Vehicle Pairing, Spectrum Assignment and Power Control for Non-Safety Critical Services in Heterogeneous Vehicular Networks

Abstract

To accommodate the ever-increasing demands for non-safety critical services in vehicular networks, heterogeneous vehicular networks (HVNs) have been proposed and drawn considerable attention. It is known that the performance of HVNs suffers from a shortage of spectrum resource, and the relatively low utilization of licensed spectrum makes the spectrum shortage even worse. To cope with this, by introducing unlicensed spectrum into HVNs, we investigate the spectrum efficiency (SE)-oriented collaborative transmission. The SE for HVNs depends highly on the channel state information (CSI) of the effective communication links which are normally determined by the vehicle pairing.
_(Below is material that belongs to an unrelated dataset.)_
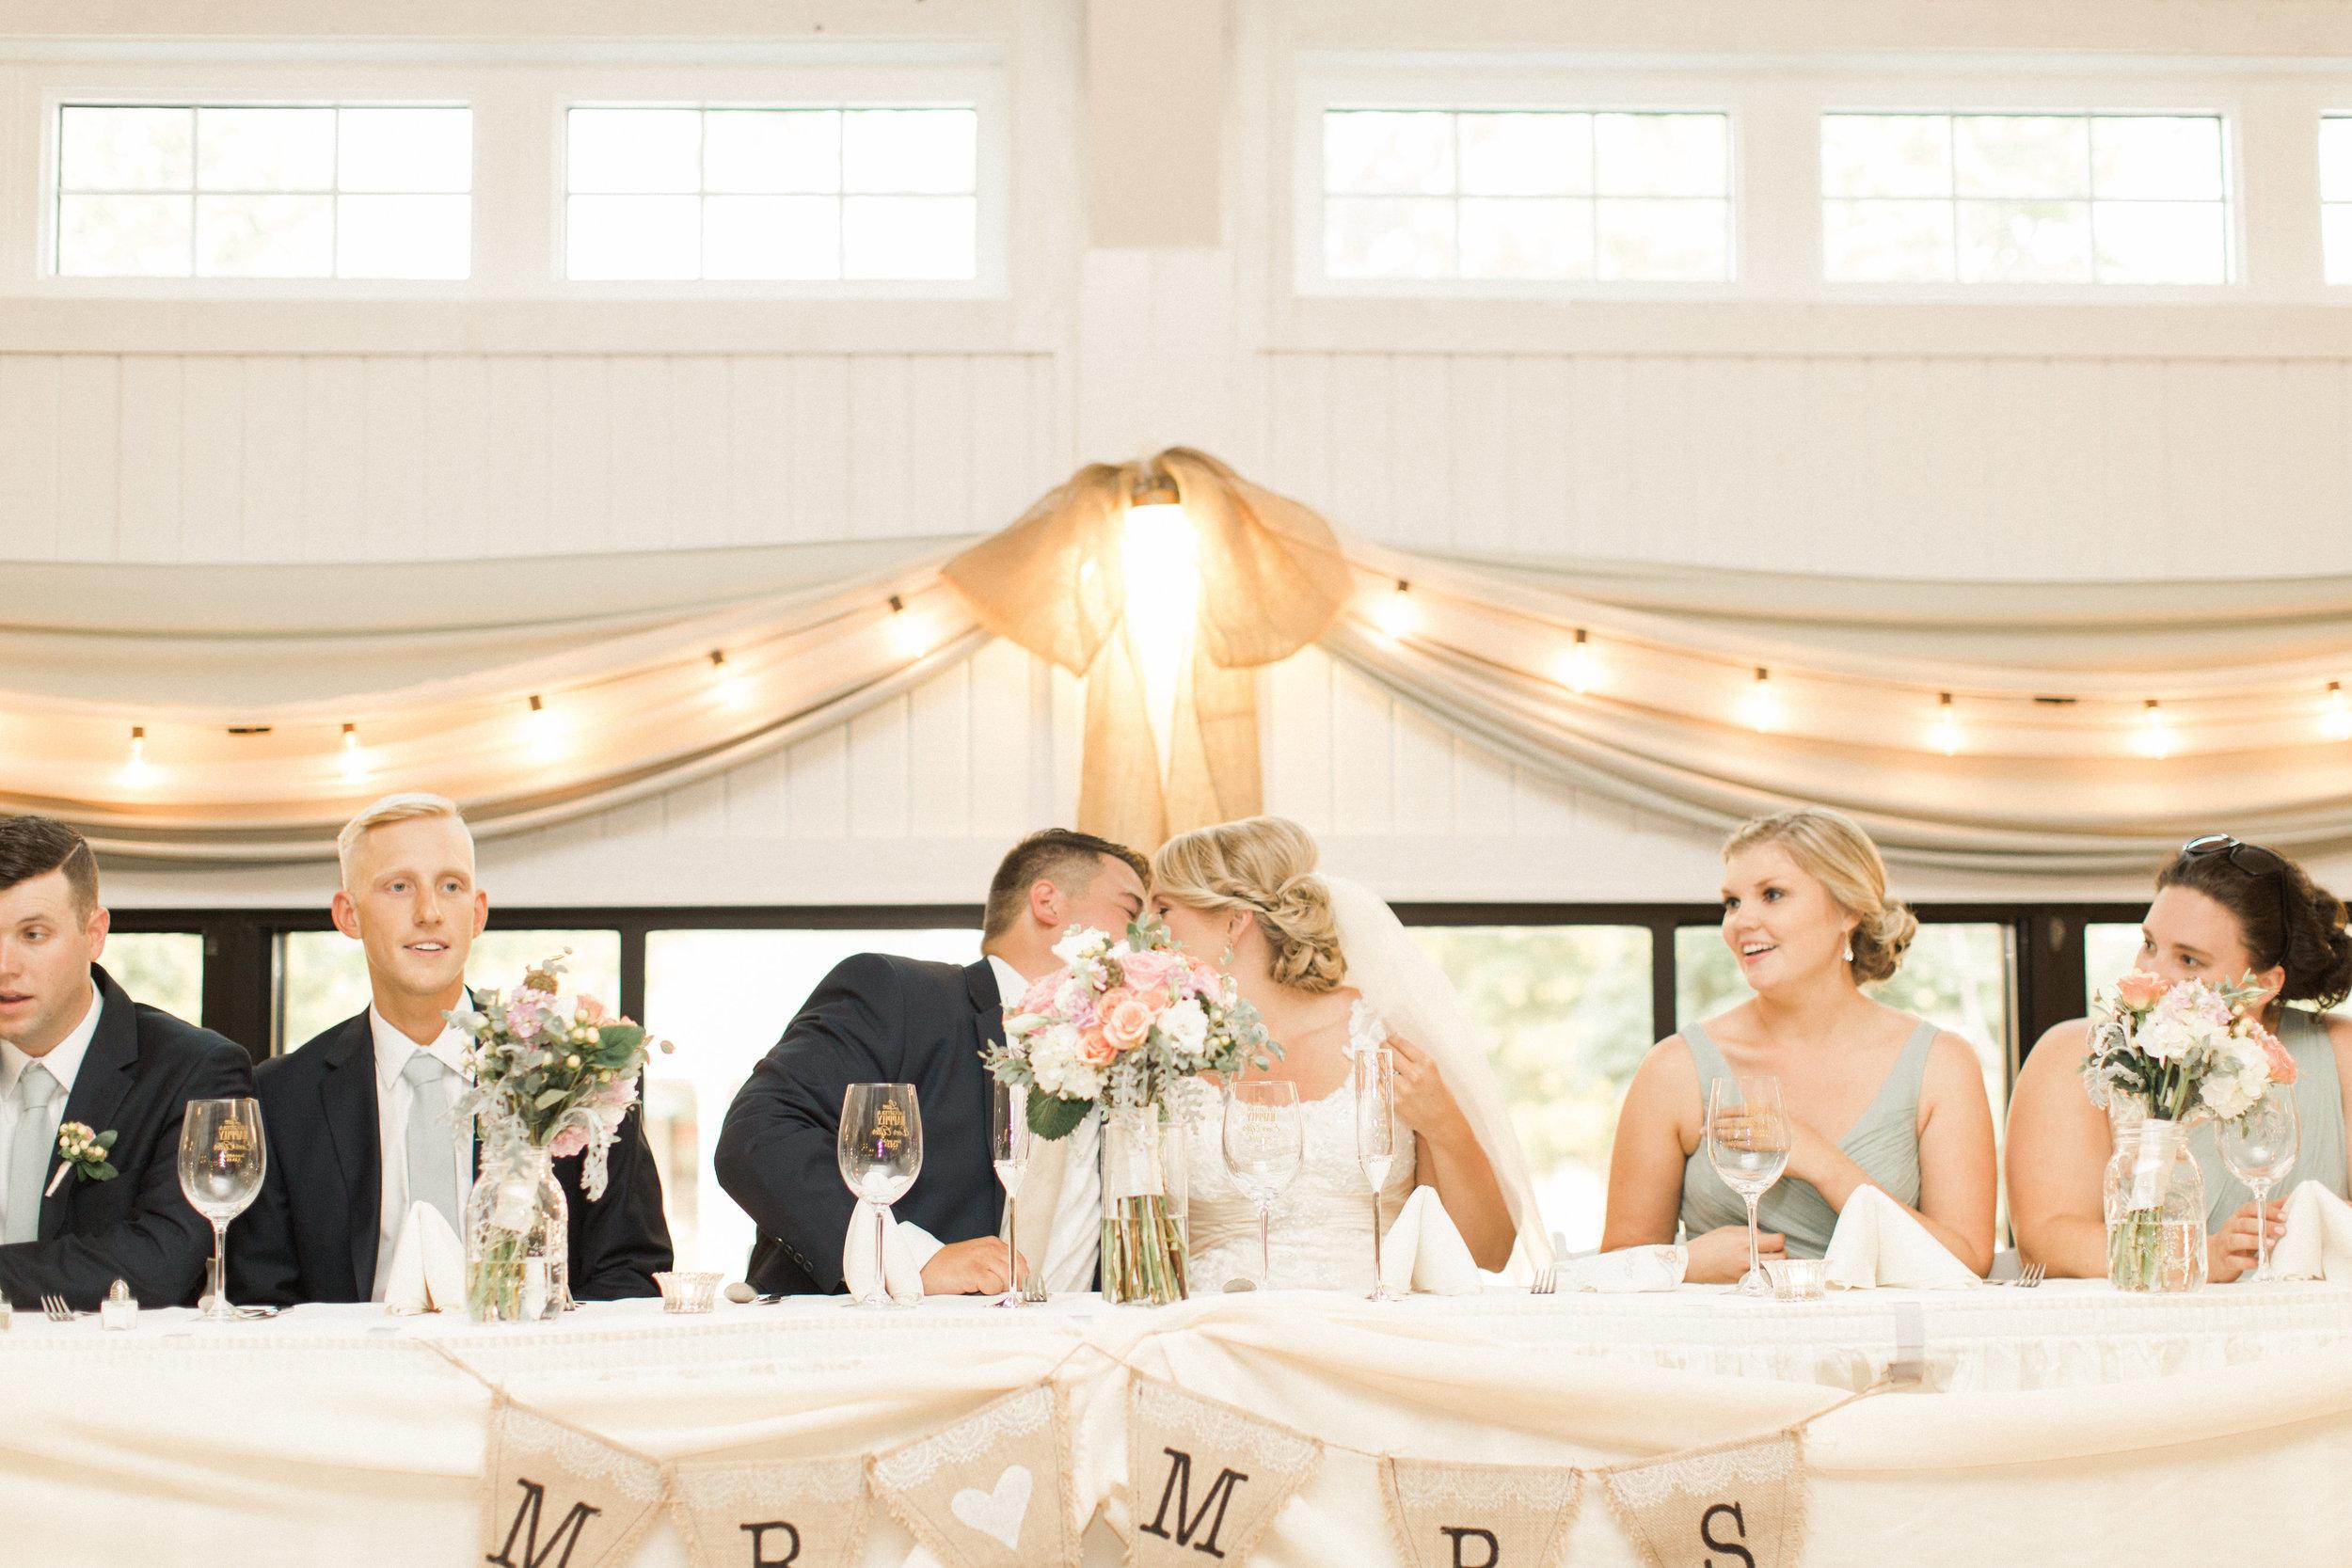 head-table-white-lights-pink-flowers-flags-bride-groom-kiss
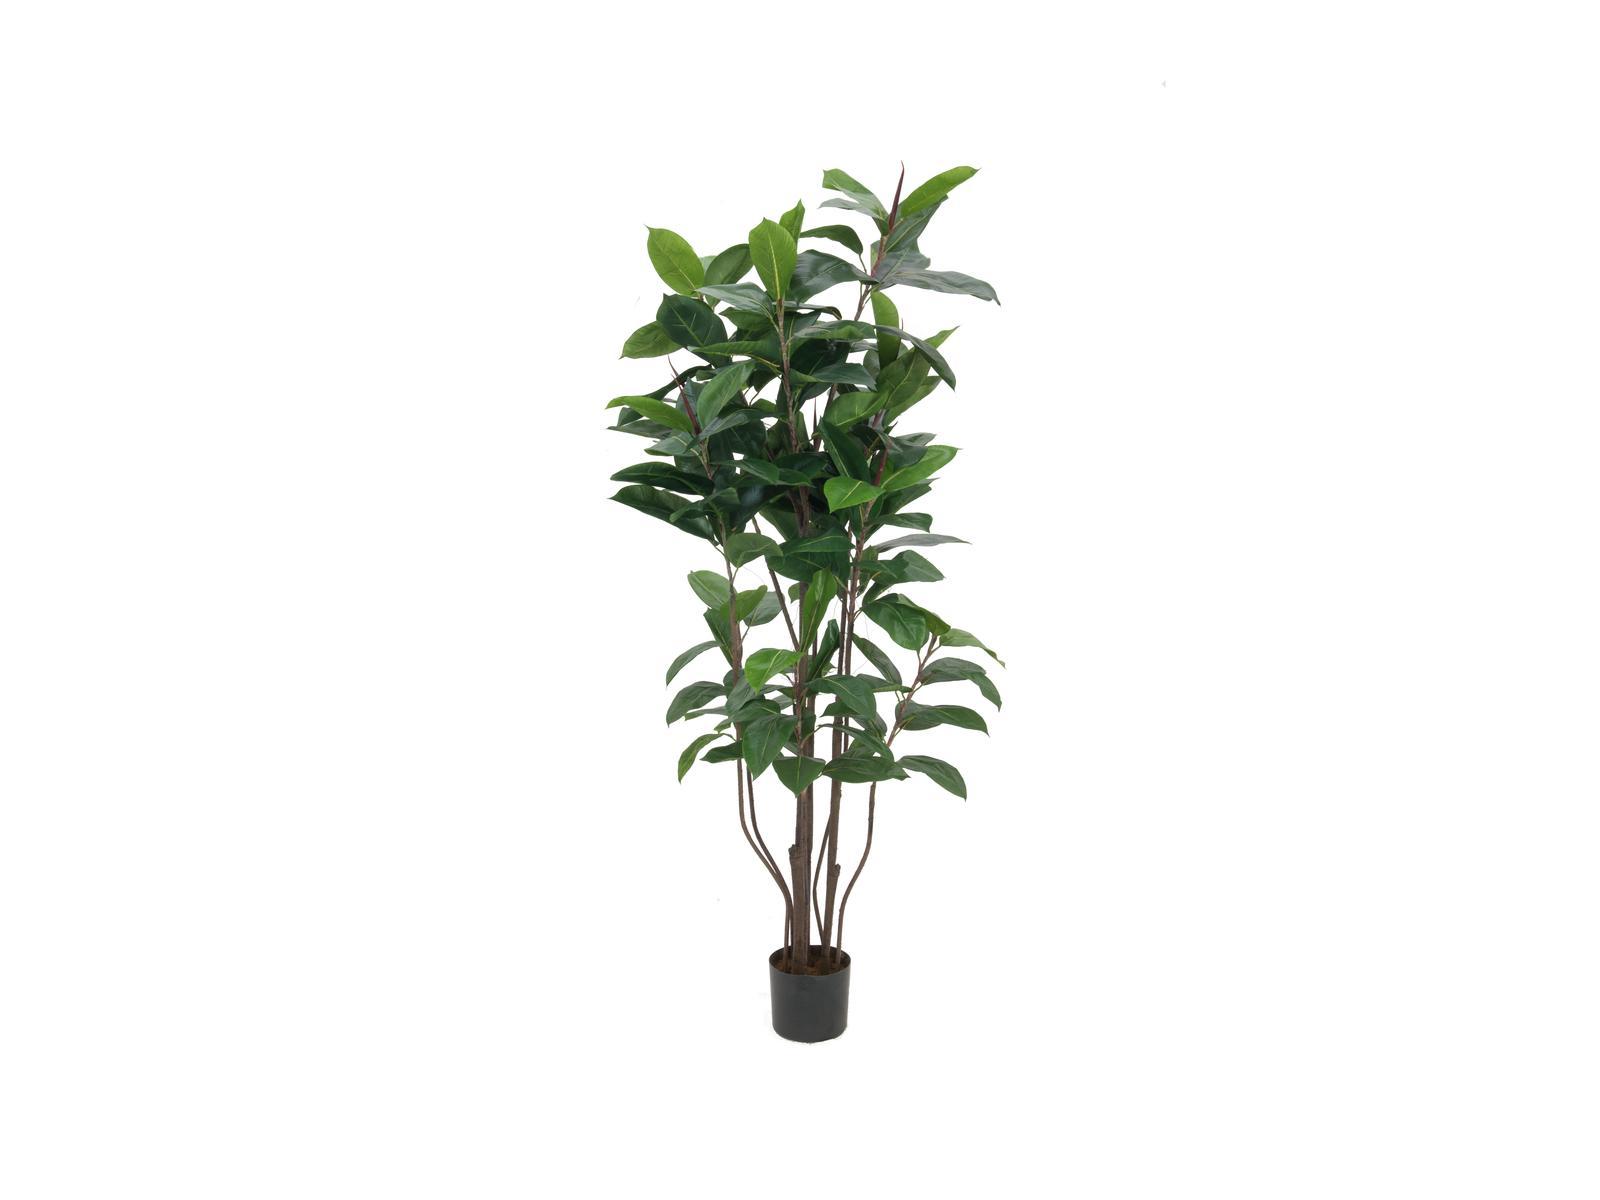 europalms-gummibaum-150cm-kunststoffpflanze

So, we first propose a joint social-physical domain vehicle pairing algorithm (JSPD-VPA), and then formulate an optimization problem to maximize the SE of vehicle-to-everything (V2X) communications while guaranteeing the quality of services (QoS) requirements of cellular users in licensed spectrum and users in unlicensed spectrum. Considering that the formulated problem is NP-Hard problem, to solve it, the formulated problem is decomposed into two subproblems, i.e., spectrum assignment subproblem and power control subproblem. An optimal hypergraph coloring algorithm is proposed to solve the spectrum assignment subproblem, and a low-complexity three-dimensional geometry approach is developed to solve the power control subproblem. Simulation results reveal that the proposed vehicle pairing, spectrum assignment and power control algorithm (VP-SA-PCA) can greatly enhance the SE and outperforms the baselines around 7%-37% within a certain range. Moreover, the superiority of the proposed JSPD-VPA has been validated.